| Data under study |
········

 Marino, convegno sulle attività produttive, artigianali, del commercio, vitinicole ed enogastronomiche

········

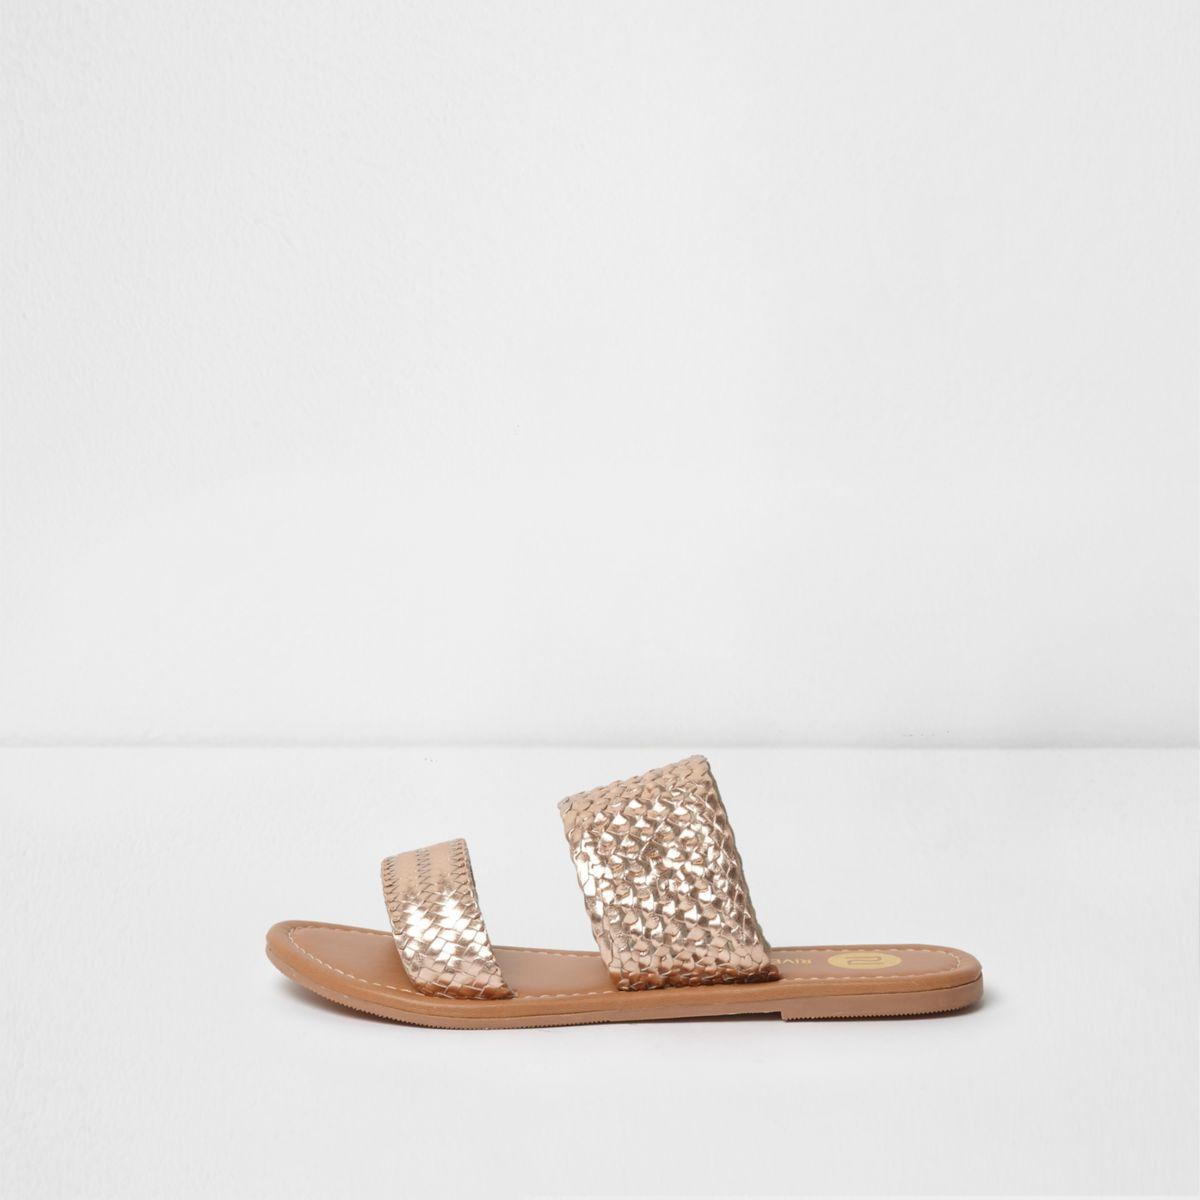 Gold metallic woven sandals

········

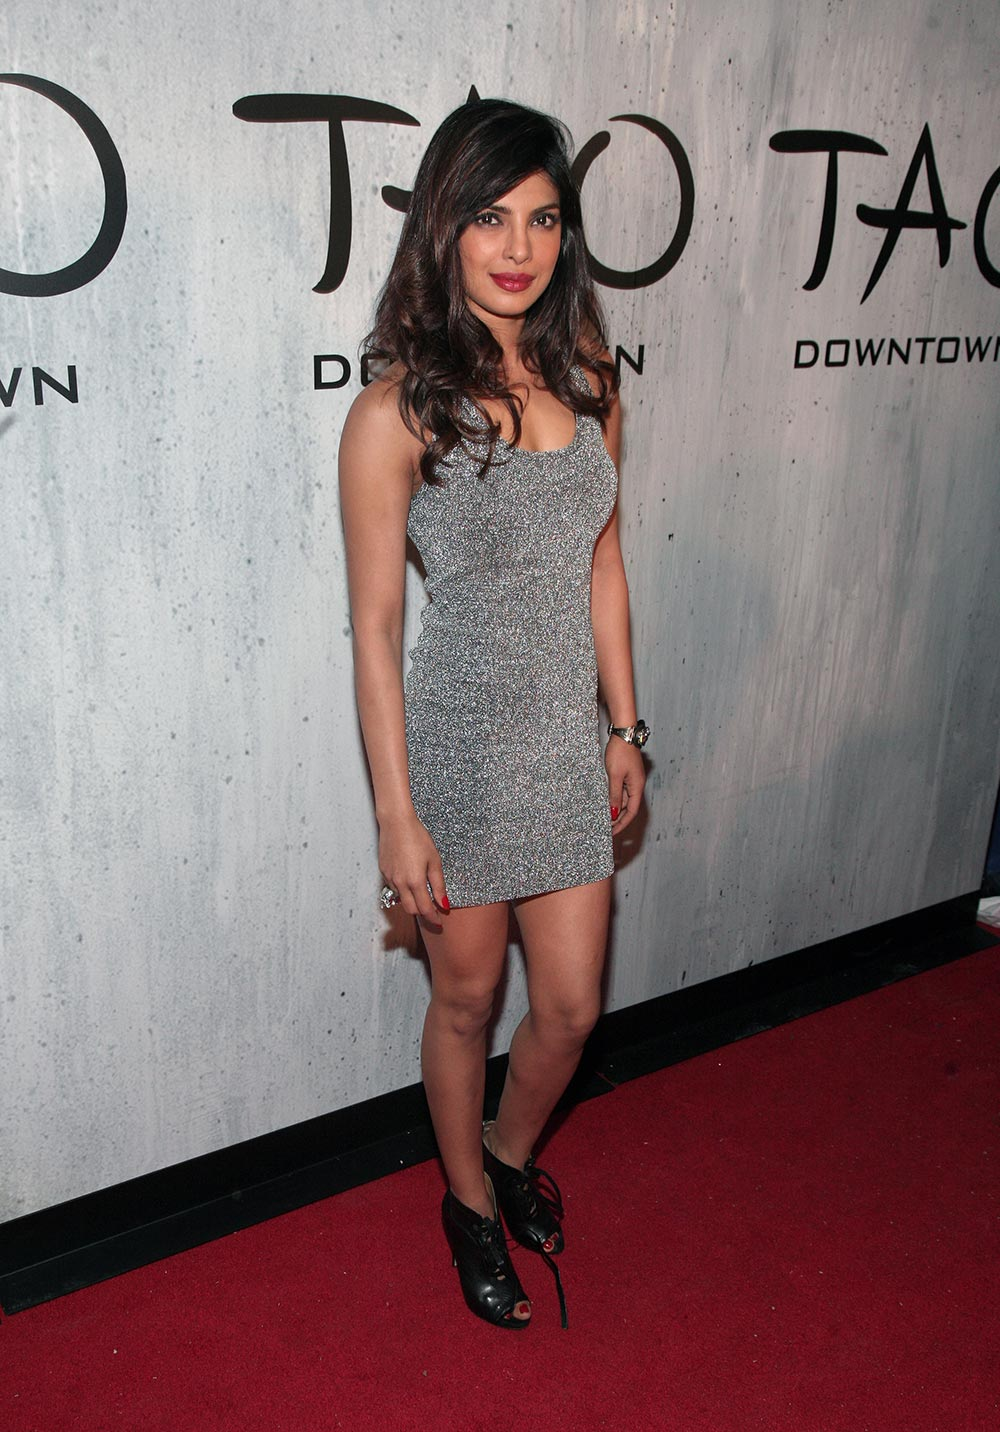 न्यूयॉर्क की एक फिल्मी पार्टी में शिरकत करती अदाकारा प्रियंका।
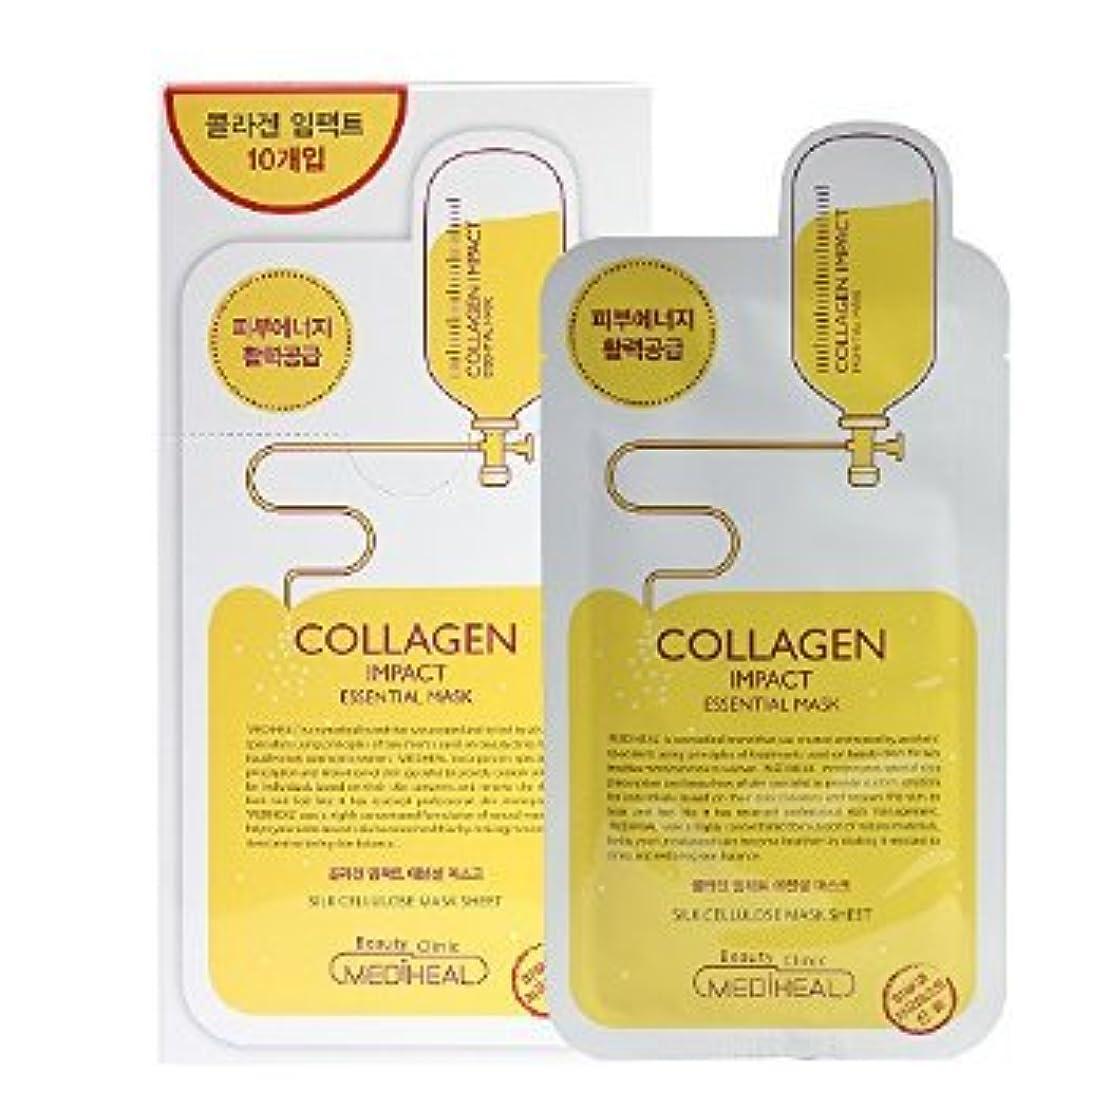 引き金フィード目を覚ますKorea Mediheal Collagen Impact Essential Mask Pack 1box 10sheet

········

| What you should do |
Return exactly the part of the listing above that opens with the line containing "न्यूयॉर्क की एक" and closes with the line containing "引き金フィード目を覚ますKorea Mediheal Collagen". Pictures stay out.

| Solution |
 न्यूयॉर्क की एक फिल्मी पार्टी में शिरकत करती अदाकारा प्रियंका।
 引き金フィード目を覚ますKorea Mediheal Collagen Impact Essential Mask Pack 1box 10sheet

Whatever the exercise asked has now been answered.